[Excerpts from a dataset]
--- START ---
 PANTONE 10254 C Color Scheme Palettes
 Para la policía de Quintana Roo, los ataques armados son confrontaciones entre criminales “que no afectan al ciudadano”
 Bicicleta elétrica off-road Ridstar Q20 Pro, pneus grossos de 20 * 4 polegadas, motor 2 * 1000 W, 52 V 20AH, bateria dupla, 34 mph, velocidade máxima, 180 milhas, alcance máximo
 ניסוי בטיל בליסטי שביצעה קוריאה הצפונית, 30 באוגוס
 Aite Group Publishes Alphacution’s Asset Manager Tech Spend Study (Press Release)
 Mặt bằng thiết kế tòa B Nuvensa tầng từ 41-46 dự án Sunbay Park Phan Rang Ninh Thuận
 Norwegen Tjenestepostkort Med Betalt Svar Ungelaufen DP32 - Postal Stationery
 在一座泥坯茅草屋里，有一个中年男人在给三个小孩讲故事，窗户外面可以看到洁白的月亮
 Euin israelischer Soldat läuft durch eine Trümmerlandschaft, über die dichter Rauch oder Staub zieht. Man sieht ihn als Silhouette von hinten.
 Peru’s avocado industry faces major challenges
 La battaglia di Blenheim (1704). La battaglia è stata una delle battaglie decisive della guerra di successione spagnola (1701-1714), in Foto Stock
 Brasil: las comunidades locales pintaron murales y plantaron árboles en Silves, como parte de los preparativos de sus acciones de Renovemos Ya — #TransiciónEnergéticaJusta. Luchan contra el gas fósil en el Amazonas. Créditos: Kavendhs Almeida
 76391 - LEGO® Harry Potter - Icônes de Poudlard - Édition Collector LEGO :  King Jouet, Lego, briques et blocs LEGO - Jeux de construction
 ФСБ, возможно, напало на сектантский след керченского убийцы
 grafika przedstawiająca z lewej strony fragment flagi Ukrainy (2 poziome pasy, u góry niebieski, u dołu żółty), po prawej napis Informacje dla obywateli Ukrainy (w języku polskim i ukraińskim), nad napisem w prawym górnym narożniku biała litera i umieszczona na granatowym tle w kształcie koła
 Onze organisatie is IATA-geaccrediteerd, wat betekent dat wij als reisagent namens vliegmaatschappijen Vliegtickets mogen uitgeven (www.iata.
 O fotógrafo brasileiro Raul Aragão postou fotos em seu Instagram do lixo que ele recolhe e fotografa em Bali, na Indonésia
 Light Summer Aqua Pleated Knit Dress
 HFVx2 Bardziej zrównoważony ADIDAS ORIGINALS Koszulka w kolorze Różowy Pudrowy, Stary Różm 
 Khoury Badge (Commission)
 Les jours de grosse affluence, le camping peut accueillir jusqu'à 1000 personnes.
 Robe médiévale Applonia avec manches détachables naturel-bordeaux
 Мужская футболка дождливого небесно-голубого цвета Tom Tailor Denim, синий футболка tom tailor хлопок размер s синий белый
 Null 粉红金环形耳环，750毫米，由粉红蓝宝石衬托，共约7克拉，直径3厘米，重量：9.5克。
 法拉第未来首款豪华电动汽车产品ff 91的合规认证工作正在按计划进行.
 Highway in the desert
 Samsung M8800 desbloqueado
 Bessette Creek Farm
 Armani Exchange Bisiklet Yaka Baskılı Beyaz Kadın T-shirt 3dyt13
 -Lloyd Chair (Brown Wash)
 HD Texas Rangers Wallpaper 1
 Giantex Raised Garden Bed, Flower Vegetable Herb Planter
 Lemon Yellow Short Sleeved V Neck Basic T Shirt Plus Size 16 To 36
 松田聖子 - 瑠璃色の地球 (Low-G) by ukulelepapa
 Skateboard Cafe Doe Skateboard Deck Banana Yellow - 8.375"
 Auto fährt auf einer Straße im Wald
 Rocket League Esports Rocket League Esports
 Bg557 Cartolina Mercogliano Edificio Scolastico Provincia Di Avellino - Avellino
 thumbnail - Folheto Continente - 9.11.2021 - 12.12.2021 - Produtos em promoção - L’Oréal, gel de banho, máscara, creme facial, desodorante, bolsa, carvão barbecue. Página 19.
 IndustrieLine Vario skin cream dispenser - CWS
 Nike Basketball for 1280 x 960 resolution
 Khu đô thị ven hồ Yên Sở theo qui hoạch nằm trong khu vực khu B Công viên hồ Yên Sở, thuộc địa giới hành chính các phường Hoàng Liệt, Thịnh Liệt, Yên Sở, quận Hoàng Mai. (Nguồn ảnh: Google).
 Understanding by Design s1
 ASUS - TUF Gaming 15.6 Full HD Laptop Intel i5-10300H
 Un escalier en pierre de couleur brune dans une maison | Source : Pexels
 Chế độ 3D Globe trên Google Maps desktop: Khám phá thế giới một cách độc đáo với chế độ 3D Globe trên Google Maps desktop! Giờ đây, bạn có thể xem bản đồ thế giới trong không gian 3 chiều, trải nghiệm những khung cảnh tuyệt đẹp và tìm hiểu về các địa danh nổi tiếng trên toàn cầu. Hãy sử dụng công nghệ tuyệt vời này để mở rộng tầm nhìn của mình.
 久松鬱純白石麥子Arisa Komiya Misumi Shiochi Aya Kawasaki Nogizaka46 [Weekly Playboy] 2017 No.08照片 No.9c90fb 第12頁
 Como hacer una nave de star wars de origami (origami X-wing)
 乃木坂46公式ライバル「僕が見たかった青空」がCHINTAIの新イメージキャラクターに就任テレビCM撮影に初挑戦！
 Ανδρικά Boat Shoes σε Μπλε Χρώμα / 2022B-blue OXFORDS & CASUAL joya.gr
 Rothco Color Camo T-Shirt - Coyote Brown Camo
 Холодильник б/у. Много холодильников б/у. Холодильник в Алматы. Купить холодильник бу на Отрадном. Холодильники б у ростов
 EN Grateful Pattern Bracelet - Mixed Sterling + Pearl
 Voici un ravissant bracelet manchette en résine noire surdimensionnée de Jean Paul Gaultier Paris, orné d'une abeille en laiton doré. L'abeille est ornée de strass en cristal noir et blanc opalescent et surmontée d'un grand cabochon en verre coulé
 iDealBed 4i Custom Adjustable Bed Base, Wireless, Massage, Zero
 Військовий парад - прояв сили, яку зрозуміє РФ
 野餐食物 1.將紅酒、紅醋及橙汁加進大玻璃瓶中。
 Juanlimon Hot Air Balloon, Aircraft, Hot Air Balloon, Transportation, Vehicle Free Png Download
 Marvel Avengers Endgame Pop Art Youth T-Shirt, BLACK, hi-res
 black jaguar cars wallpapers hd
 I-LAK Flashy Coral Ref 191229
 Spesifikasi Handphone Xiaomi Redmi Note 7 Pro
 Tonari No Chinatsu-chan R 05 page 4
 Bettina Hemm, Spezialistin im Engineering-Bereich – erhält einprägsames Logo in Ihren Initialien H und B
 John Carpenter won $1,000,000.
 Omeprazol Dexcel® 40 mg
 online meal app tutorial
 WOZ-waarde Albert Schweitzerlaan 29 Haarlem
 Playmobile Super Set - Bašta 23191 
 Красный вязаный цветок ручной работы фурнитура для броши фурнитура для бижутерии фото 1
--- END ---
# Task to carry out
Please copy the lines in the records above between the one holding "Ανδρικά Boat Shoes" and the one holding "野餐食物 1.將紅酒、紅醋及橙汁加進大玻璃瓶中。", inclusive, exactly and with no other line.

# Exercise response
 Ανδρικά Boat Shoes σε Μπλε Χρώμα / 2022B-blue OXFORDS & CASUAL joya.gr
 Rothco Color Camo T-Shirt - Coyote Brown Camo
 Холодильник б/у. Много холодильников б/у. Холодильник в Алматы. Купить холодильник бу на Отрадном. Холодильники б у ростов
 EN Grateful Pattern Bracelet - Mixed Sterling + Pearl
 Voici un ravissant bracelet manchette en résine noire surdimensionnée de Jean Paul Gaultier Paris, orné d'une abeille en laiton doré. L'abeille est ornée de strass en cristal noir et blanc opalescent et surmontée d'un grand cabochon en verre coulé
 iDealBed 4i Custom Adjustable Bed Base, Wireless, Massage, Zero
 Військовий парад - прояв сили, яку зрозуміє РФ
 野餐食物 1.將紅酒、紅醋及橙汁加進大玻璃瓶中。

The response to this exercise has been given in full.